ABSTRACT
The overall objective of this project is to apply mobile air sampling strategies and novel health assessment and
communication tools to rapidly characterize sustained health risks from hazardous volatile organic compound
(VOC) exposure during the remediation and recovery phases of the East Palestine, Ohio environmental disaster.
This research builds from ongoing mobile air sampling in East Palestine conducted as part of the Texas A&M
University Superfund Research Center (TAMU SRC) showing elevated VOC levels, particularly acrolein, that
vary spatially across the East Palestine township. The overall goal of the TAMU SRC is to characterize and
manage the human health risks associated with exposure to environmental emergency-mobilized hazardous
substances. The situation in East Palestine exemplifies the critical data gaps in both exposure and health risks.
Current ambient air monitoring approaches lack fine spatial resolution. Additionally, standard methods like those
used at EPA stationary monitors use “targeted” approaches, missing potential novel chemical exposures.
Importantly, there is also a lack of critical health information despite the documented environmental concerns
following the East Palestine train derailment, chemical spill, and controlled burn. Generally, there is very limited
data on the health impacts associated with these occurrences.
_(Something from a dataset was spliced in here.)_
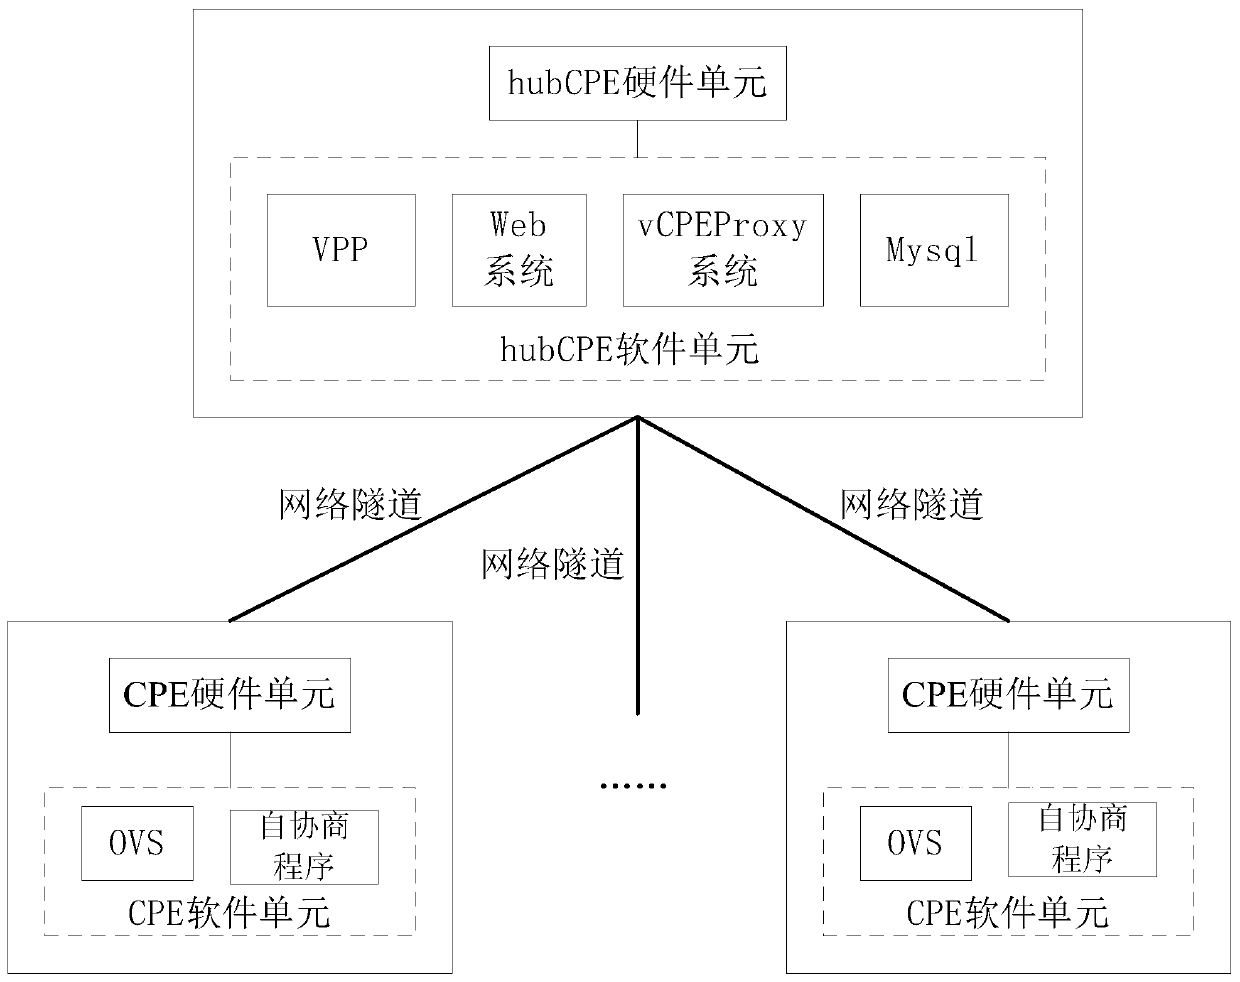 A system and a method for realizing high-speed interconnection and intercommunication based on SDN and NFV technologies

Thus, the central hypothesis of this project is that
VOCs may vary spatially based on phases of the recovery, and mobile air sampling data in combination with
resident self-reported symptoms will inform localized hotspots of VOC mixtures. To determine the distribution of
VOCs over time as cleanup efforts continue, aim 1 will sustain mobile air monitoring by taking measurements
that are highly spatially and temporally resolved at 9-, 12-, and 15-months post-disaster. Aim 2 will focus on
interpreting VOC data, contextualizing risk, and collecting health data using validated surveys identifying
chemical and non-chemical stressors, addressing physical and mental health, and unique chemical sensitivities.
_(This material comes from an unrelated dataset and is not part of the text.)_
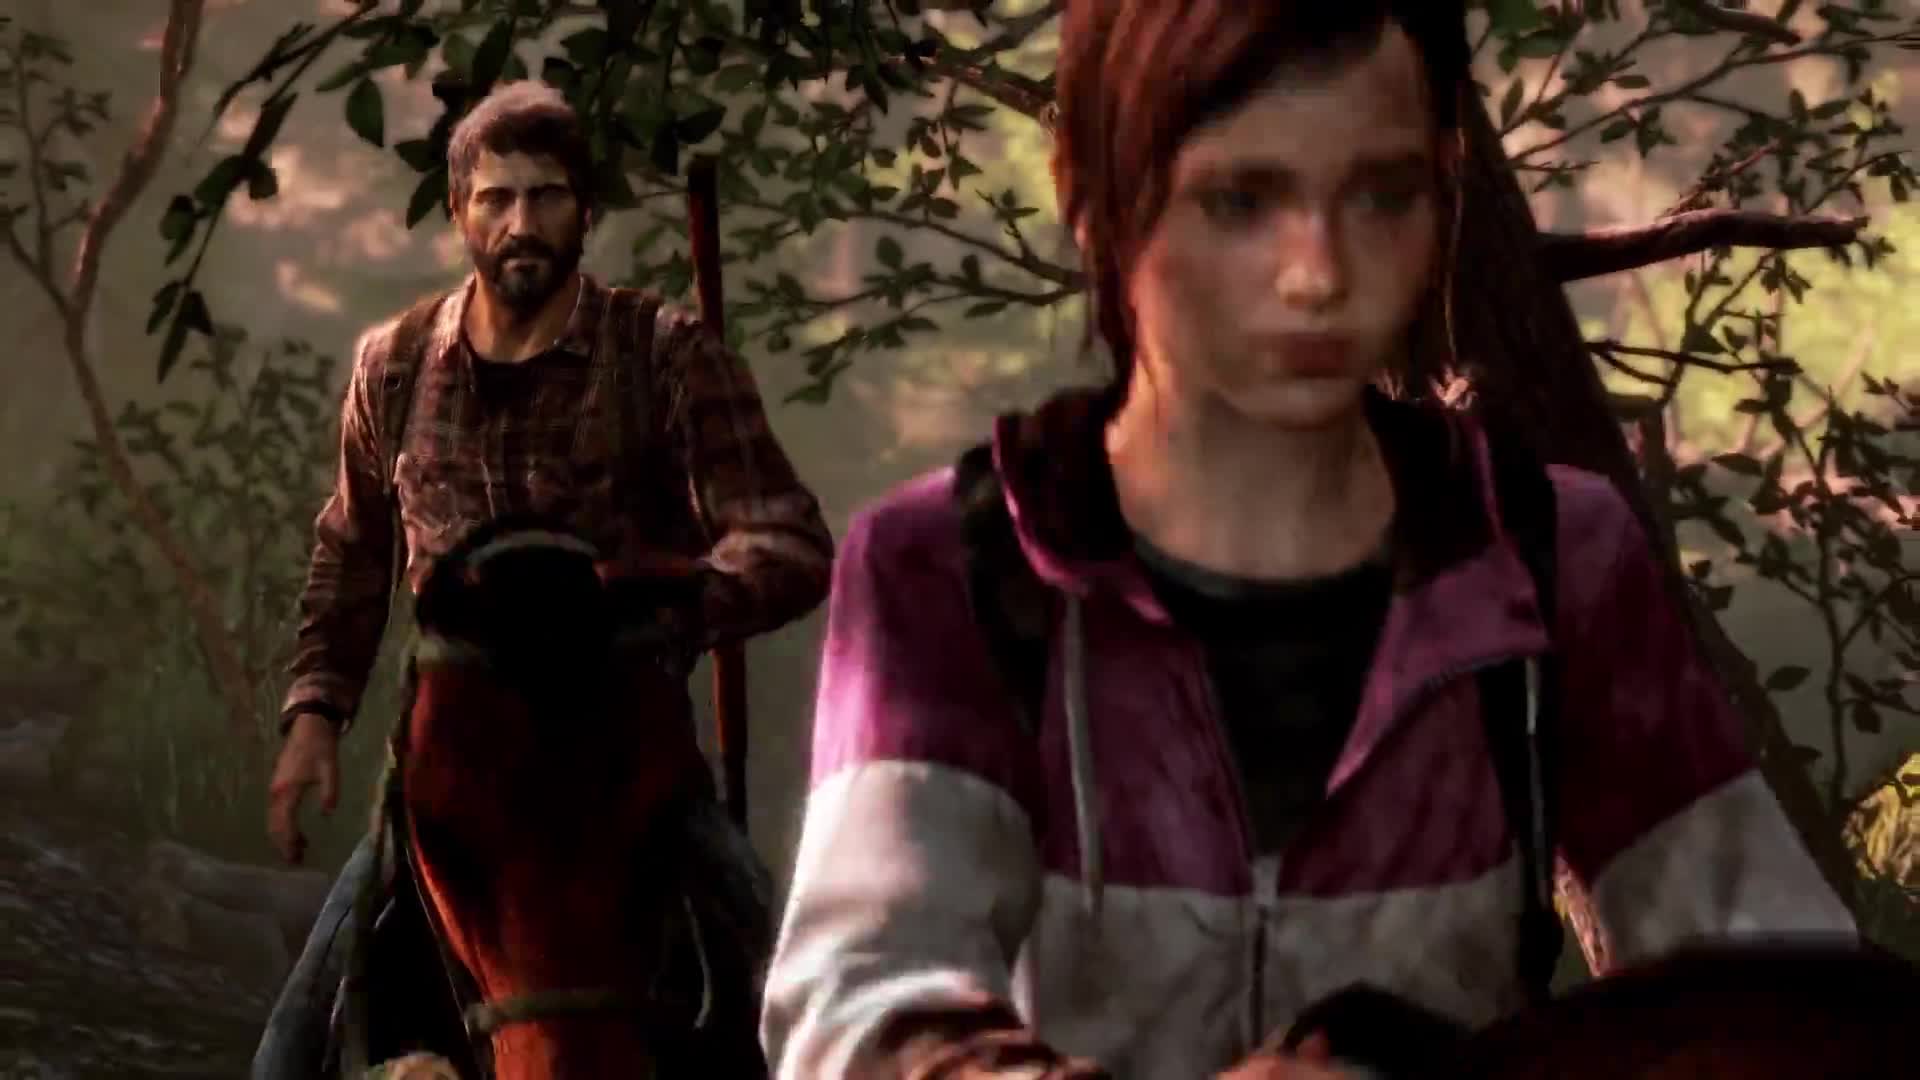 The Last of Us: Remastered - PS4 trailer

Also, the application of an innovative AI text messaging application for residents to freely report health and
environmental concerns through a chat bot will provide a means for continued health surveillance. Overall, the
novel tools and findings from this project will directly inform hyperlocal air quality and residential health concerns
following an environmental disaster that can serve as a template for responding to air pollution in disasters.